Higher labor costs and higher shipping costs aren’t the only factors contributing to China losing its luster as an outsourcing location. Quality problems are the number one factor bringing some manufacturing back to the United States. Quality control issues have the potential to cost companies millions in terms of lost customers, potential litigation, and the logistics of shipping a defect product back to where it came from (if the Chinese company will take it back and give credit). General Electric, Caterpillar, NCR, and Diagnostic Devices have all moved production back to the U. S. for one reason or another.
The quality problems with products made in China are demonstrated by the product recalls by the Consumer Product Safety Commission week after week, month after month, and year after year. For example, in the August 2010 list of product recalls, 70.8 percent – 17 of 24 – were for products made in China. Only one product recall was for a product made in USA. This ratio of recalls of Made in China to Made in USA products is roughly the same report after report.

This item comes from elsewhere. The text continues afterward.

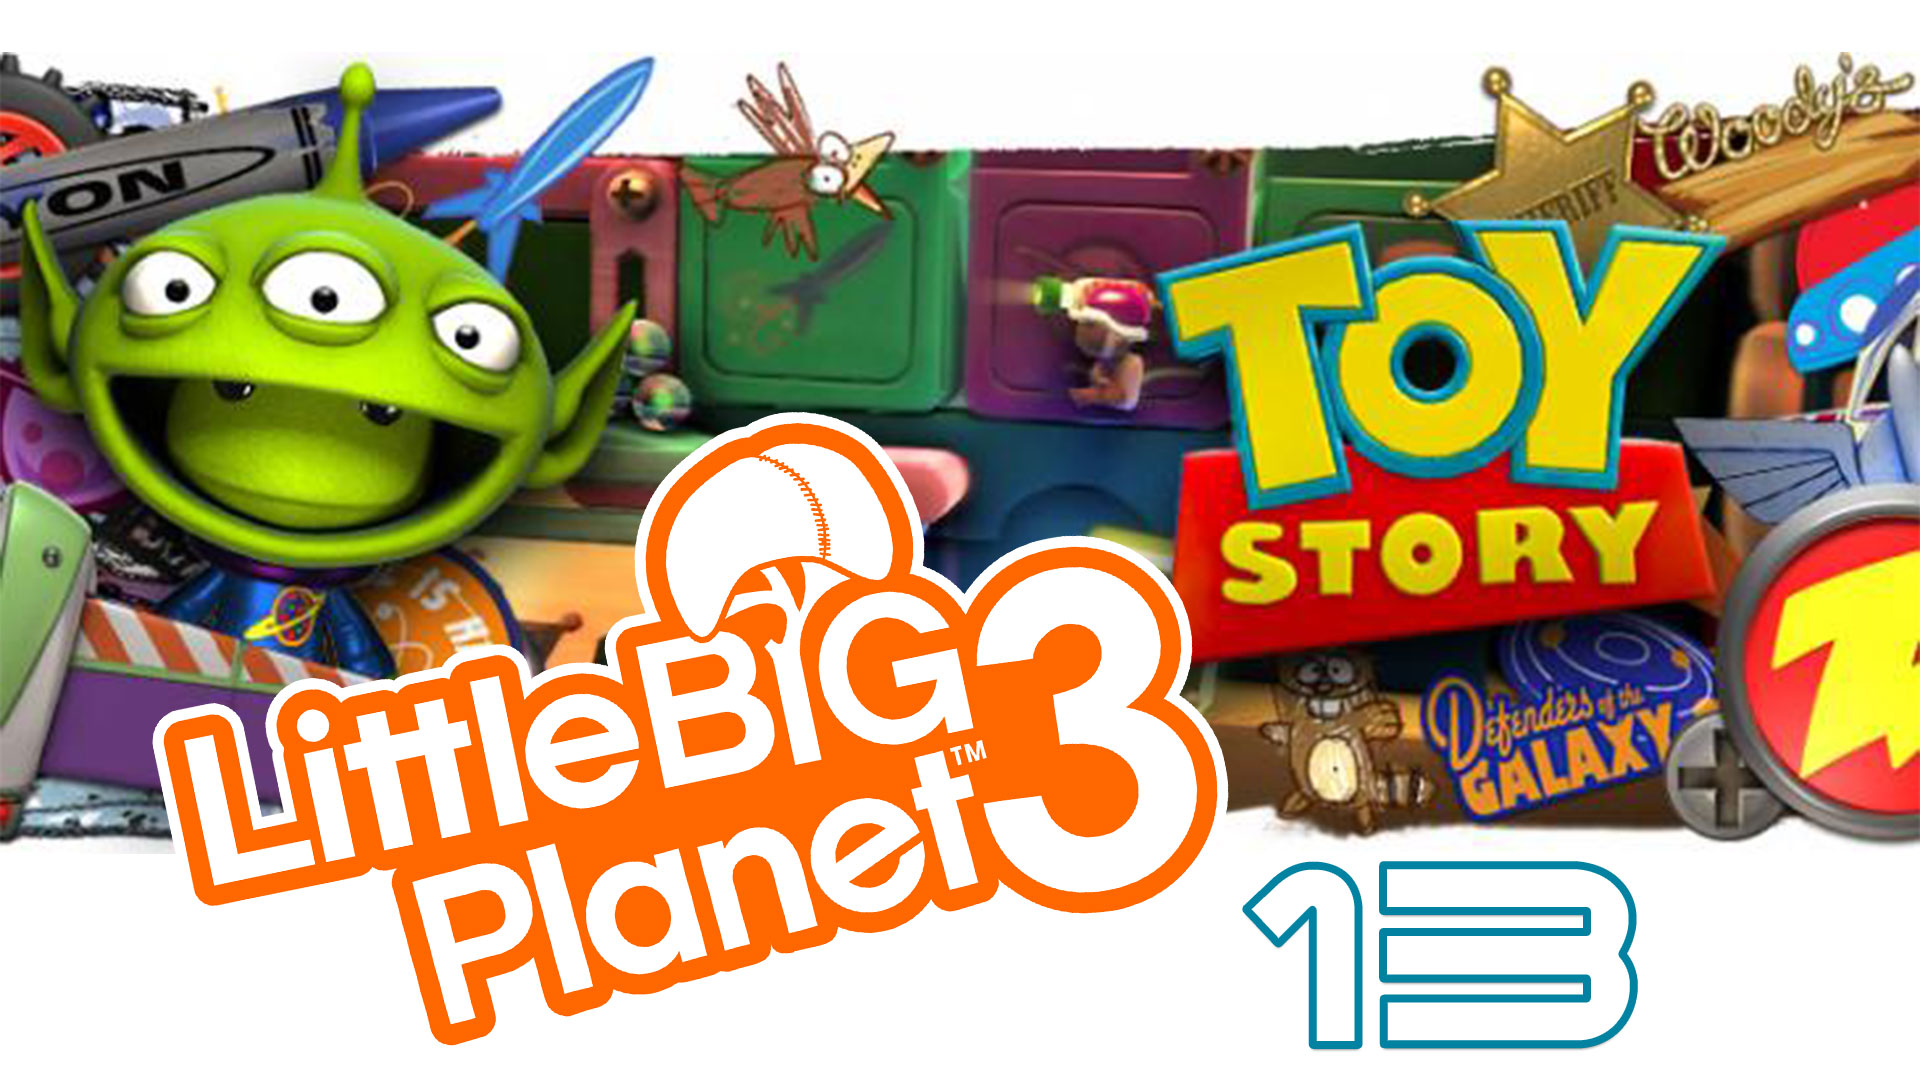 LittleBigPlanet 3 - Сезон 2 - Кооператив - История игрушек ч. 4 - Прохождение [#13] | PS4 (2016 г.)

There is no question that outsourcing to China and other countries will continue for the foreseeable future, especially for the multinational companies that have products to sell within the countries in which they have set up manufacturing operations. Manufacturing products locally for consumption within a foreign country will be crucial to profitability as transportation costs continue to increase globally.
The best locations for outsourcing will change over time just as they have in the past 50 years. The purely financial benefits of lower cost in China will erode over time. The challenge for Americans is how to keep as many companies as possible manufacturing their products in the United States in order to maintain our middle class and protect our national security.
Rural US may be a viable alternative.